Data below:
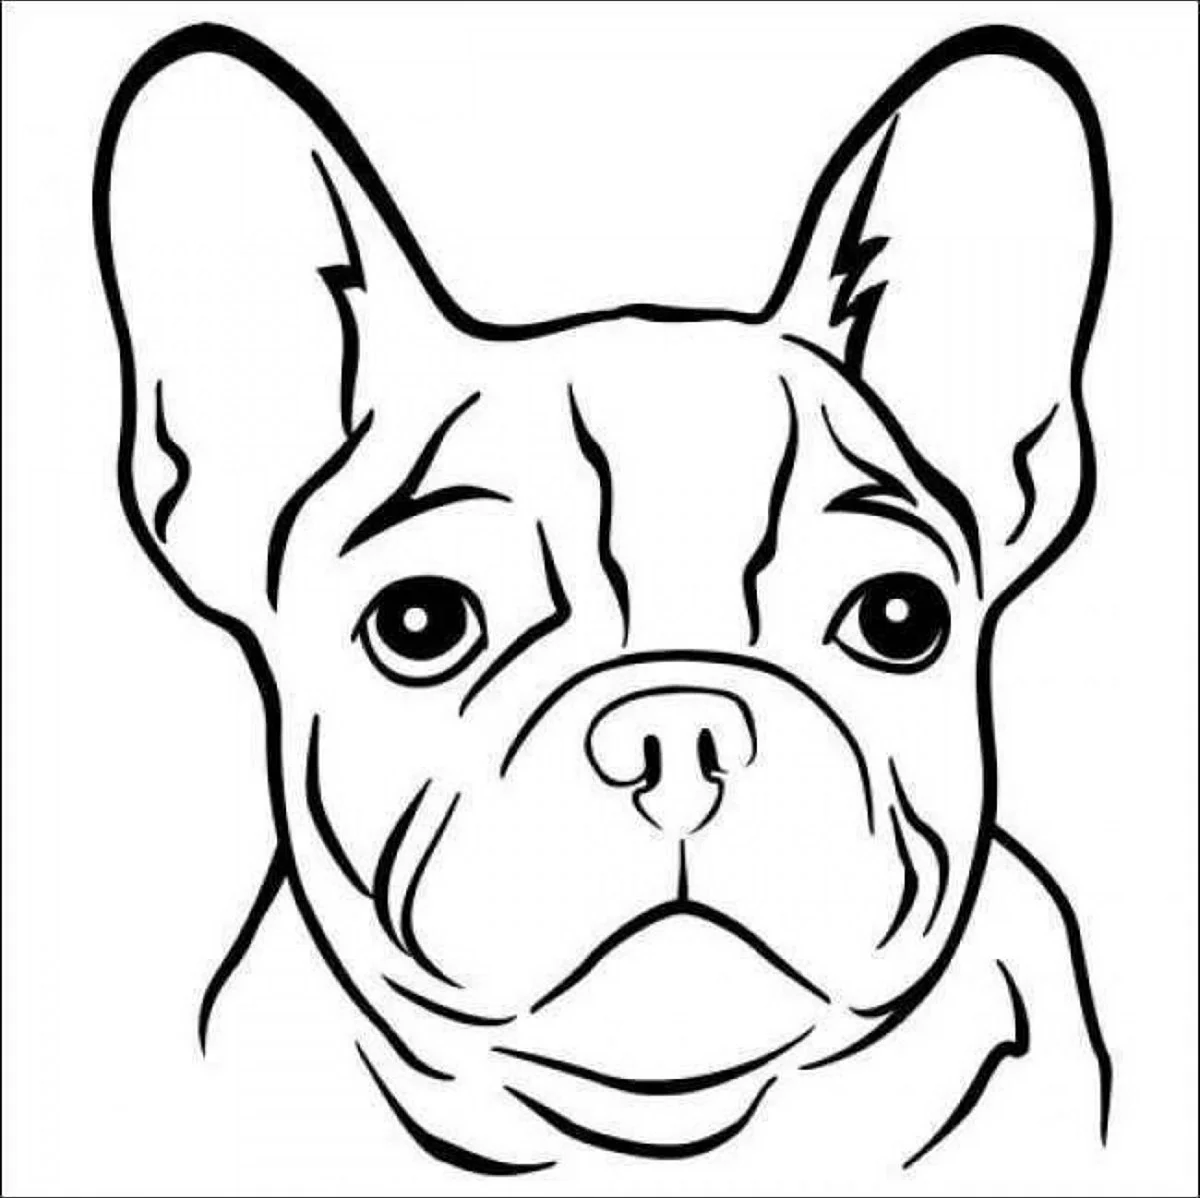 Раскраска собачка французский бульдог. Для срисовки
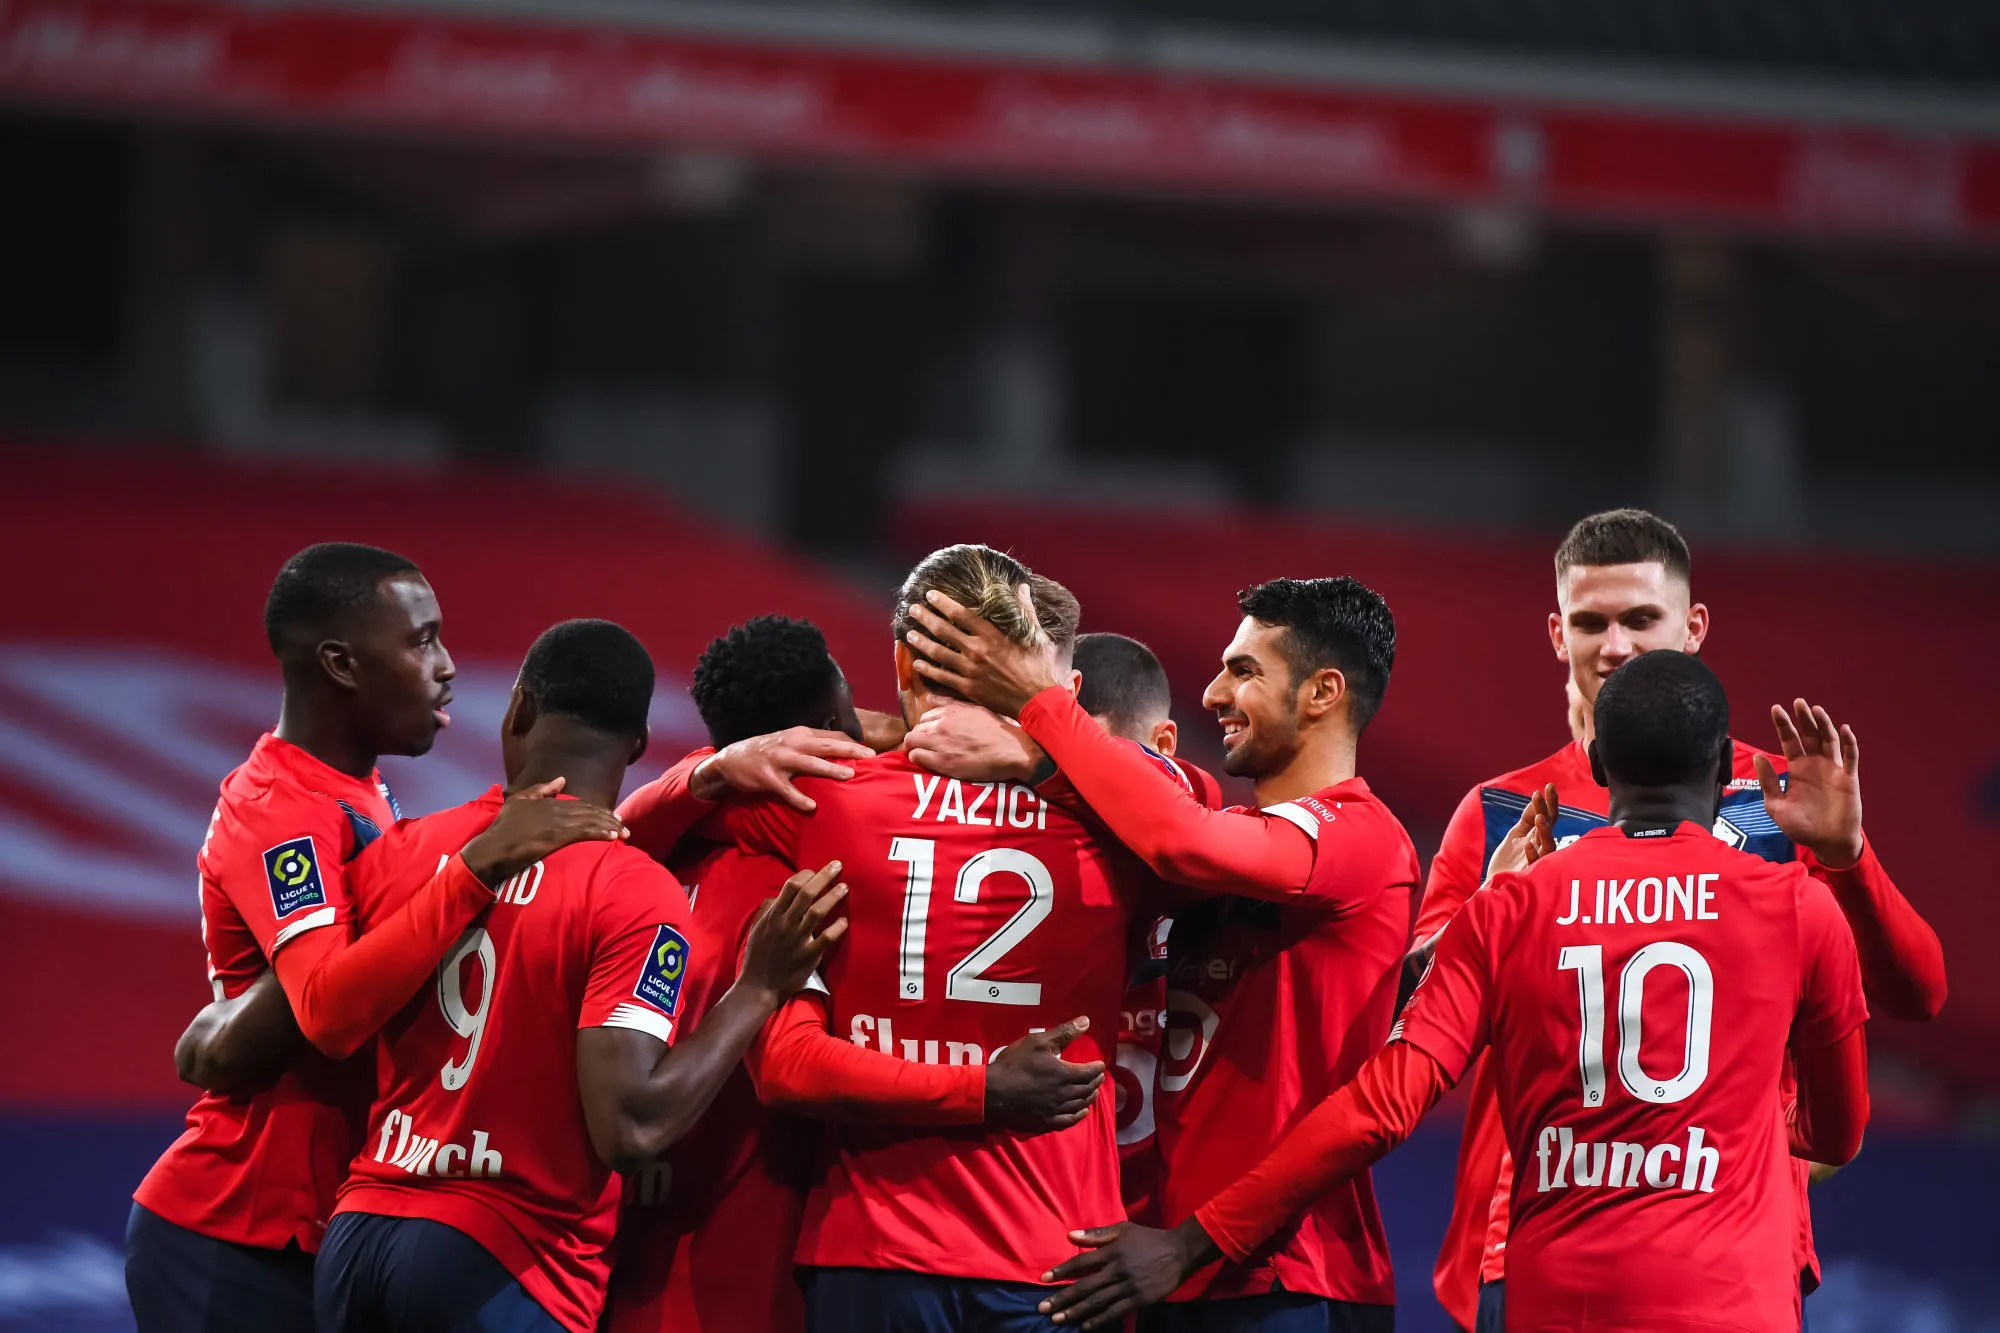 Pronostic Nantes Lille : Analyse, cotes et prono du match de Ligue 1
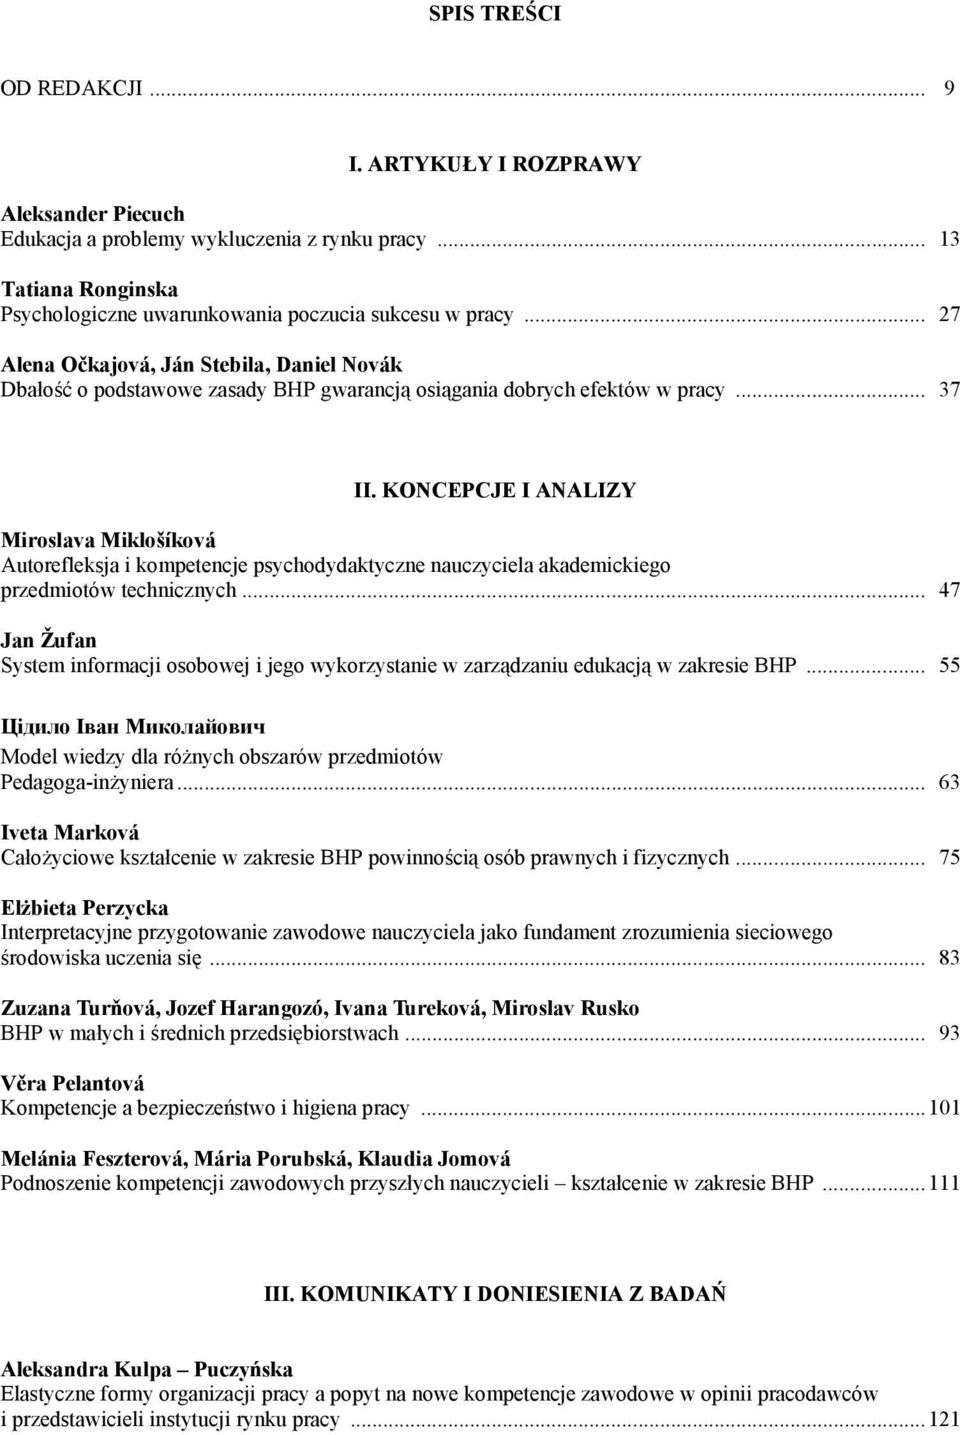 KONCEPCJE I ANALIZY Miroslava Miklošíková Autorefleksja i kompetencje psychodydaktyczne nauczyciela akademickiego przedmiotów technicznych.
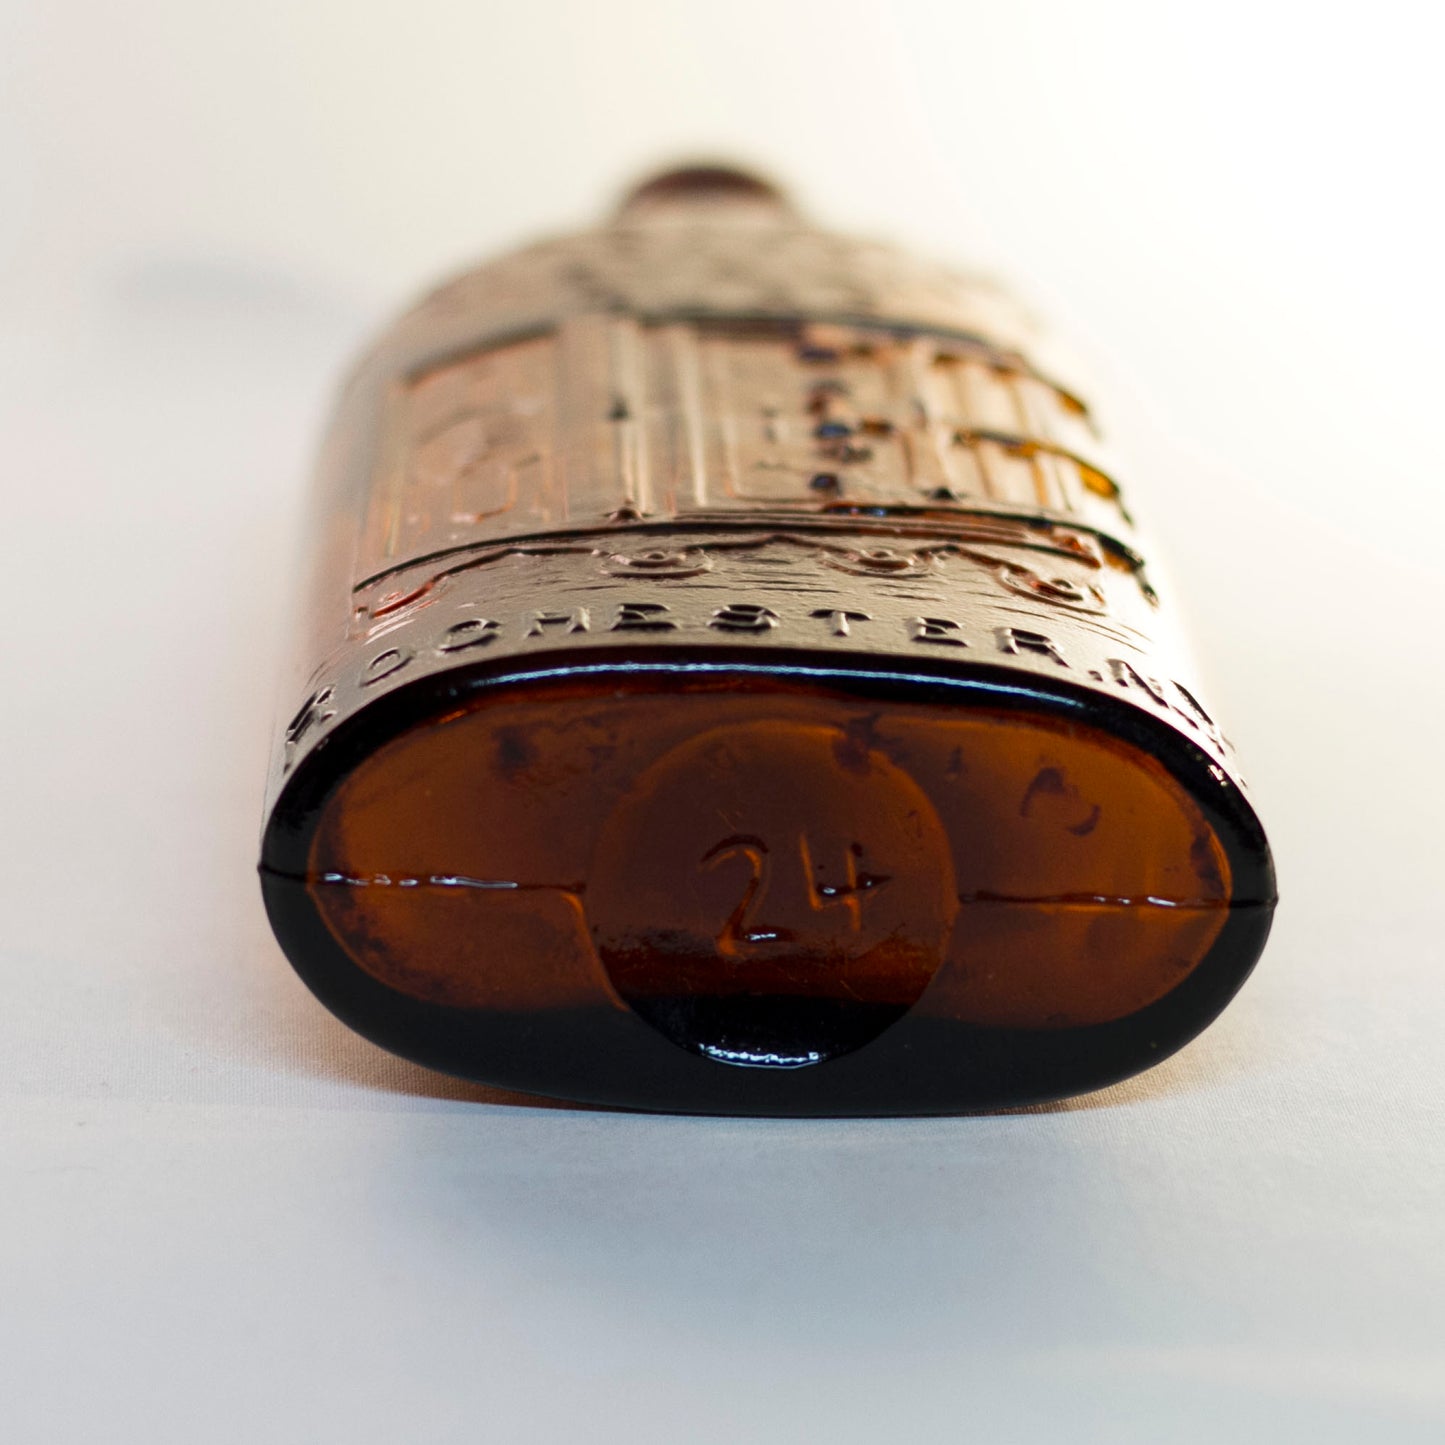 Antique WARNER'S SAFE KIDNEY & LIVER CURE Bottle in Amber Glass Circa 1880s

Exercise brief:
Apart from the pictures, repeat the data above exactly.

Expected answer:
 Раскраска собачка французский бульдог. Для срисовки
 Pronostic Nantes Lille : Analyse, cotes et prono du match de Ligue 1
 KONCEPCJE I ANALIZY Miroslava Miklošíková Autorefleksja i kompetencje psychodydaktyczne nauczyciela akademickiego przedmiotów technicznych.
 Antique WARNER'S SAFE KIDNEY & LIVER CURE Bottle in Amber Glass Circa 1880s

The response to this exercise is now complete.